If there were no suffering, would there be compassion? If we lived in a perfect world, then humans would have to be perfect for it to work. But if we were perfect, what kind of lives would we have?
We grumble at all manner of things. We have pain. We get hurt. We can’t protect our children from life’s lessons. We get betrayed and betray others. We endure stupidity for which there is no cure. And we don’t get what it is that we think we want or need. Half the time we don’t even know what that is.
We are born, get sick, suffer and die. And the older I get, the more I think that this whole cycle, everything, is meant to reflect the beautiful. I do not mean that we should idealise or romanticise suffering. That would be foolish and dangerous. Nor do I feel we must suffer in order to experience gratitude – though it sometimes helps. Rather I imagine that the paradox of bitter-sweet must be lived if we are to know fullness. We stand on the threshold of this tension. We straddle these paradoxes continuously and it is a very delicate balance to hold.

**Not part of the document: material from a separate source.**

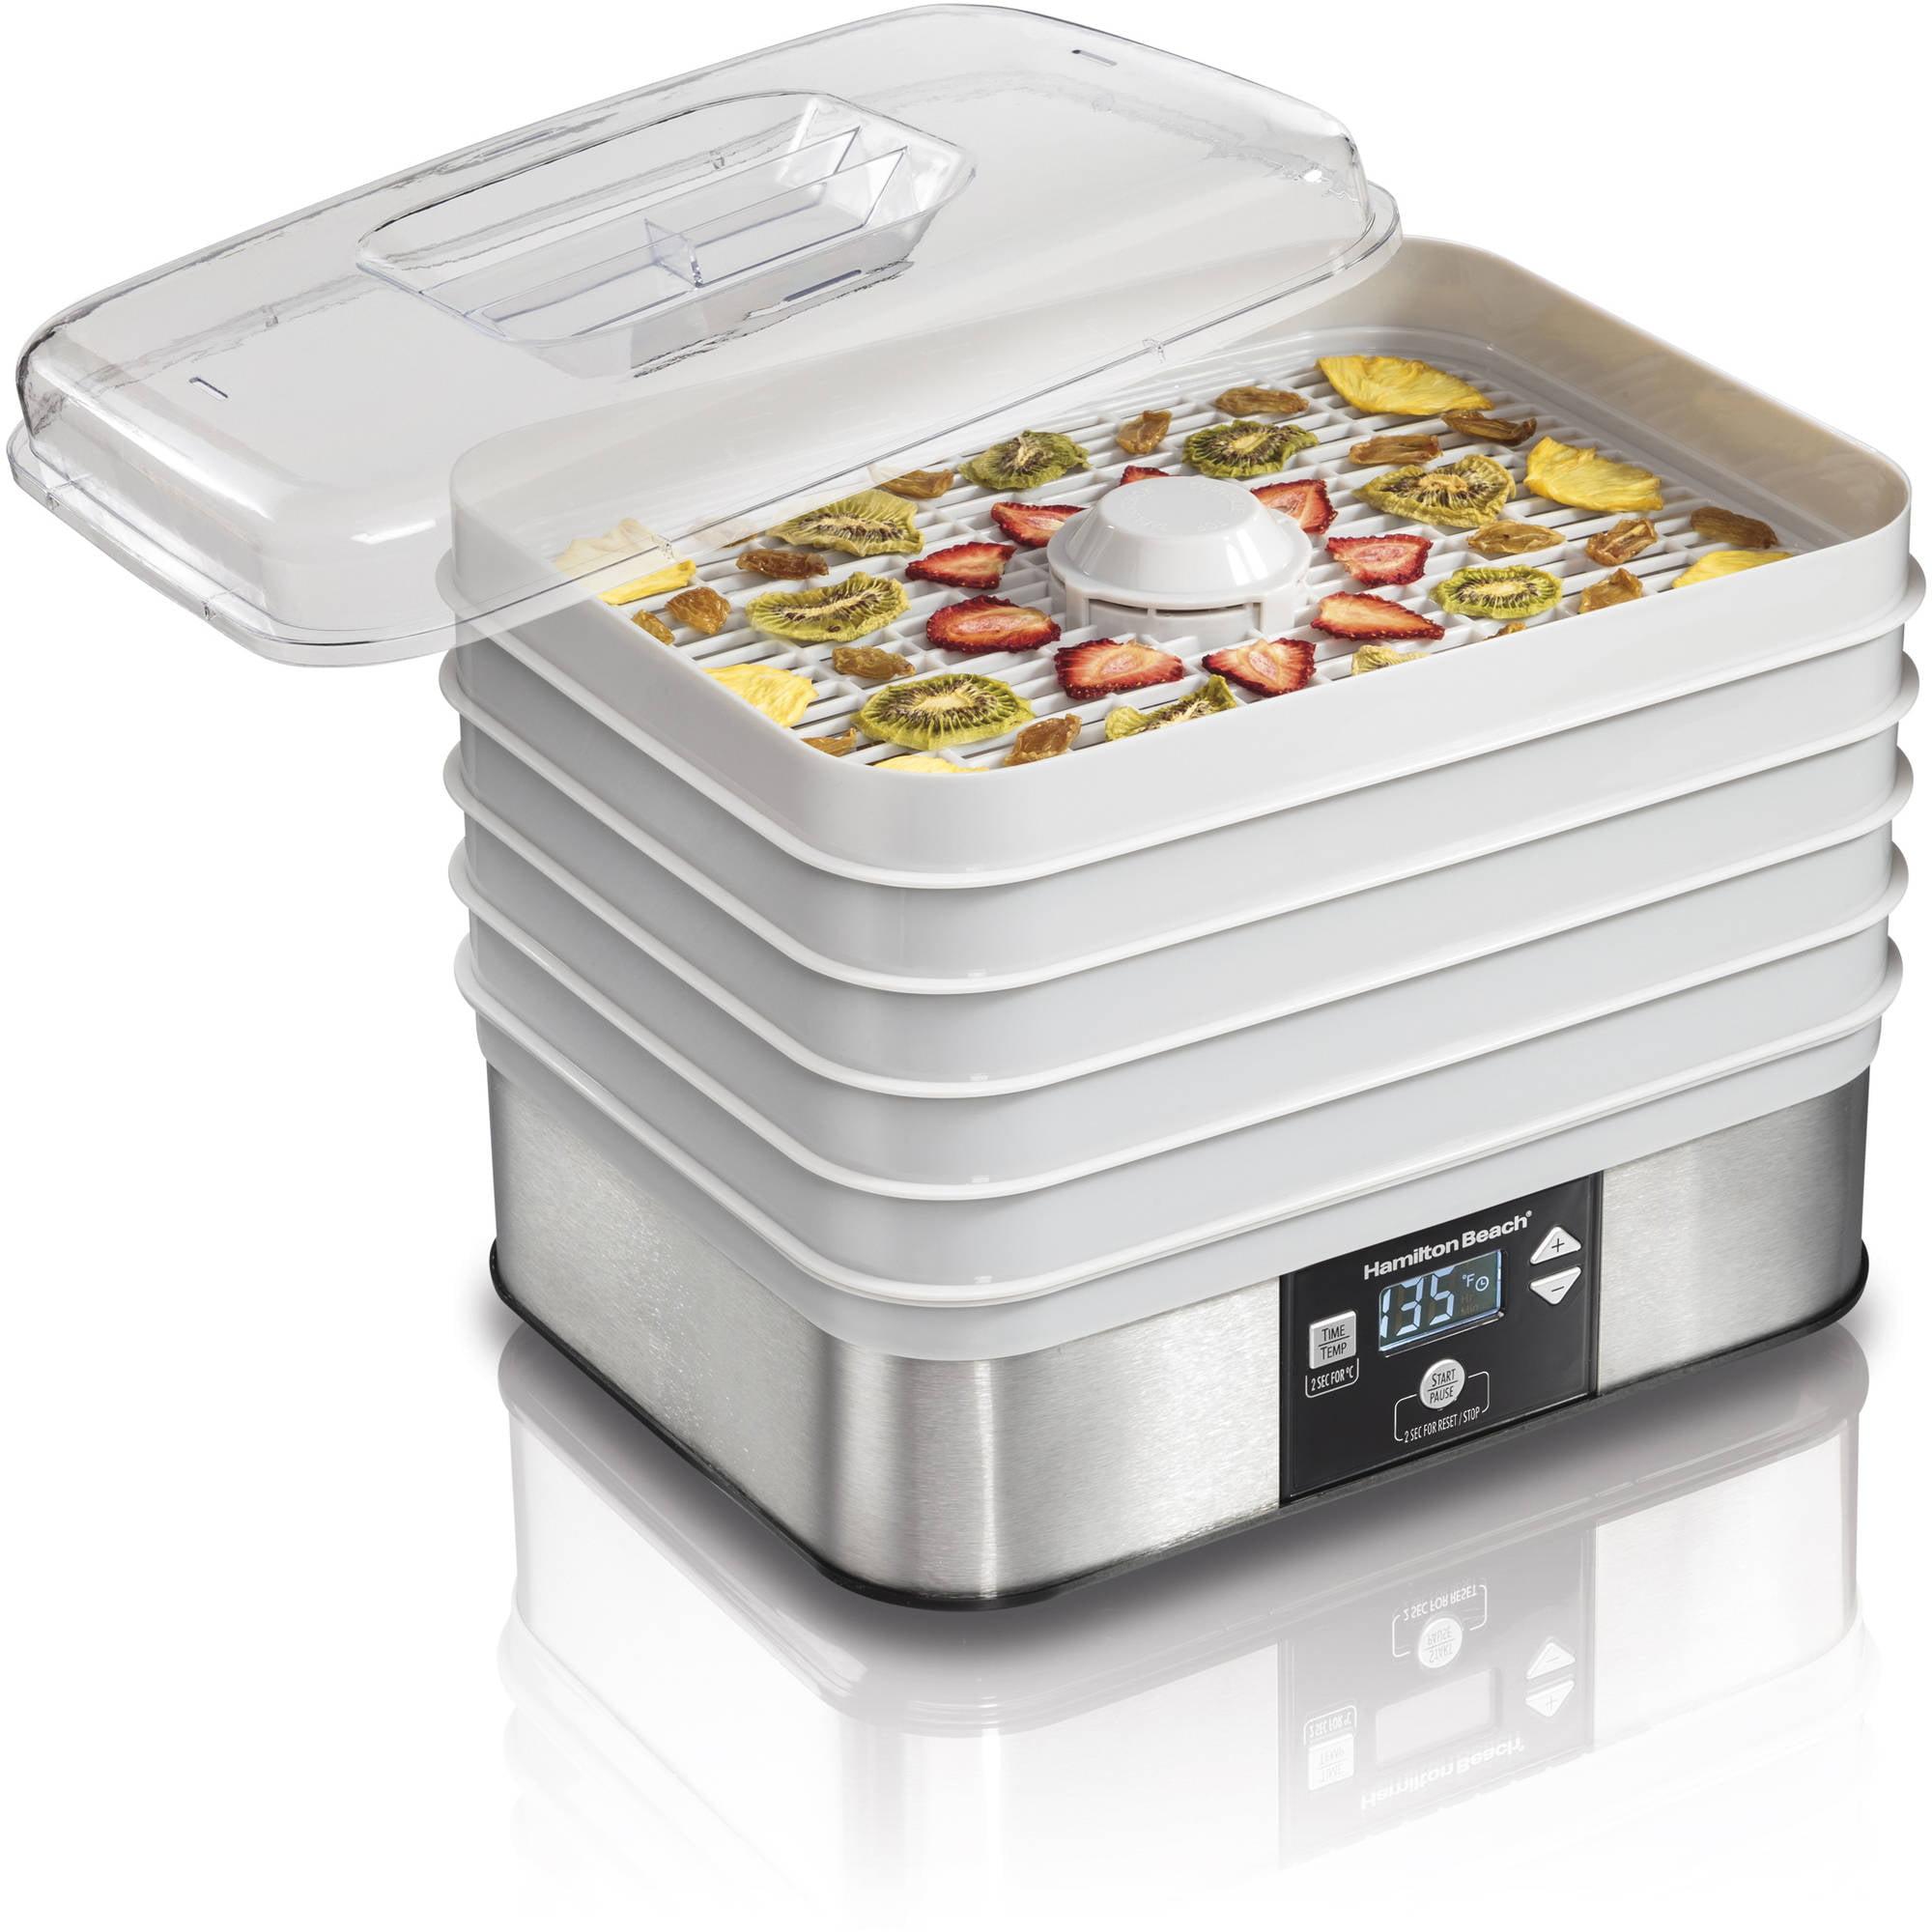 Hamilton Beach 5 Shelf Digital Food Dehydrator | Model# 32100

In love, in friendship, there must be a balance of freedom and togetherness. We are one. We are two. We are more. Complex. Multi-faceted. The diamond. The rock. The pebble and the mountain.
Some of us get stuck in one thing or the other. Unknowingly. Consciously. Because that seems like a safe option. And we like safety. We need safety. We find our grounding in identifying ourselves this way or that. And who knows, sometimes those labels can be useful. They can help us to figure out who we are, what we are and what we find important. But they can also tie us in knots. We become entangled. We start to see the world through only one lens when there are infinite ways of seeing. And then we put others into boxes and can no longer imagine who they might be outside the box.

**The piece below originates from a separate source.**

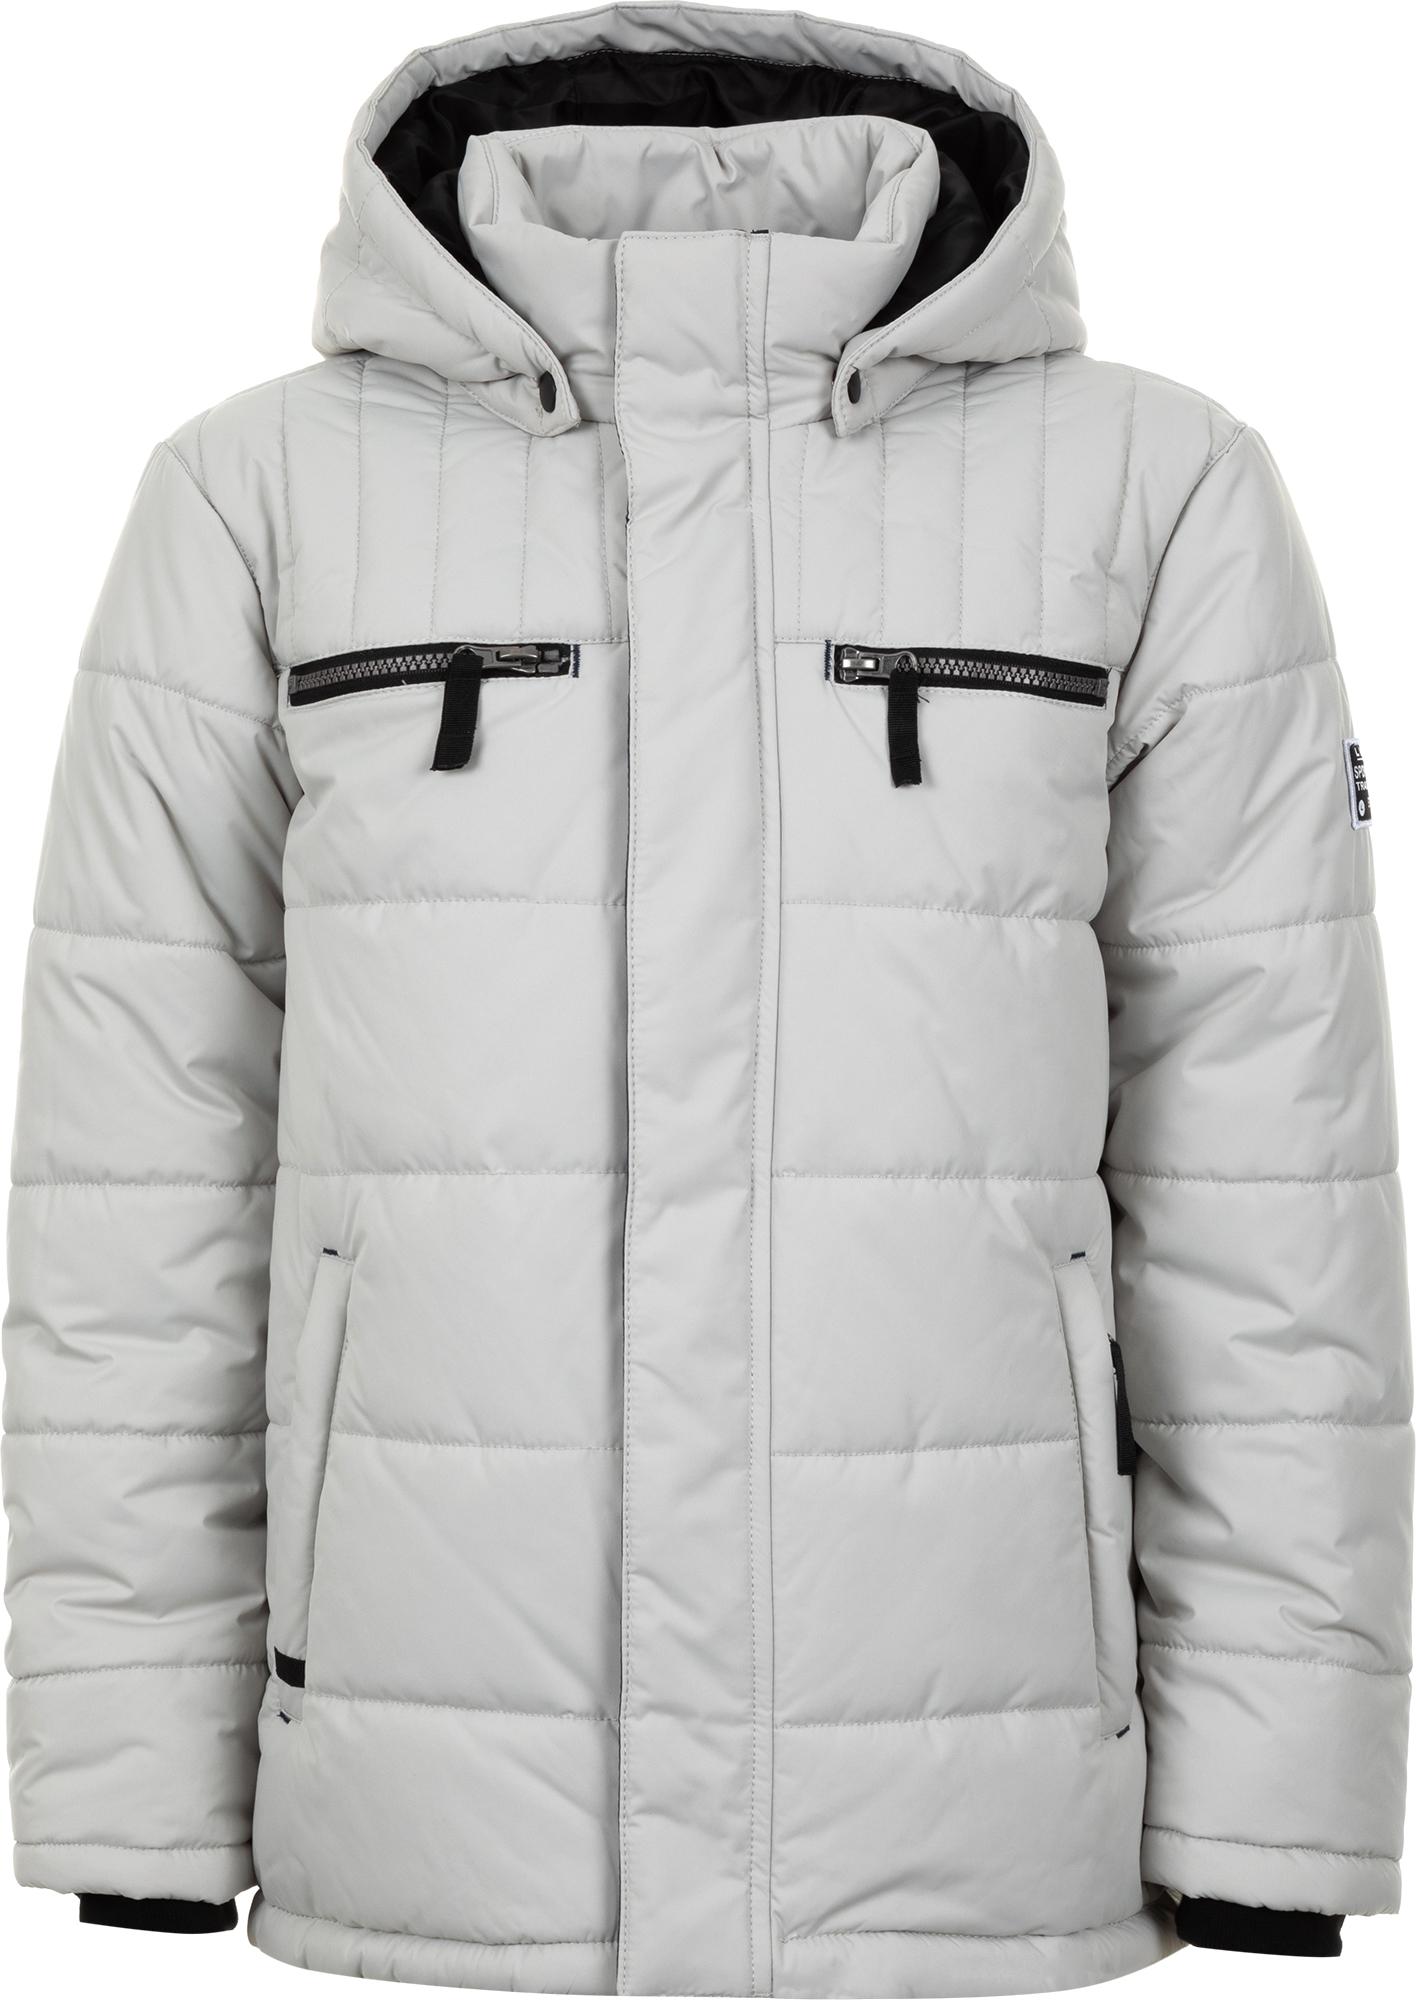 Luhta Куртка утепленная для мальчиков Luhta Kaarne, размер 158

Hatred is a lack of imagination, said Graham Greene. I think he’s right.
Perhaps this is a world-wide problem. We have accepted the consumerist model which teaches that happiness is something which can be bought. Happiness is a product. Spirituality is a product. Needs are capitalised upon and we associate our needs with products and production. Satisfaction is measured by the number of square metres in which we live, or the brand of shoes we wear.
The square metres, the shoes, the big car, are all just distractions. Noise. Trying to make the every day more palatable. As if there were something wrong with the mundaneness of the mundane. As if chopping wood and sweeping floors needed to be something else. As if there always needs to be more. And the paradox. There is always more. Can you feel it? It is enough. There is more. The gateless gate.
A friend posted the following quote on their Facebook:
“If we are absolutely grounded in the love of God that protects us from nothing even as it sustains us in all things, then we can face all things with courage and tenderness and touch the hurting places in others and in ourselves with love”
(James Finley).
We are protected from nothing, yet sustained in all things. Simultaneously.
I responded:
“God is unendingly generous because he permits suffering”.
This does not mean that God wants us to suffer. Nor does it indicate that suffering is good. But there is a grain of understanding, indecipherable understanding, somewhere in me, that can glimpse beauty within, despite, notwithstanding, beyond, the suffering. Like the laughter shared with my dying mother, amidst the frustration, pain and anger. The memory of her furious, standing at a locked kitchen door in the middle of the night, trying to break the door down with her walking stick, because she didn’t know how late it was and she wanted to eat.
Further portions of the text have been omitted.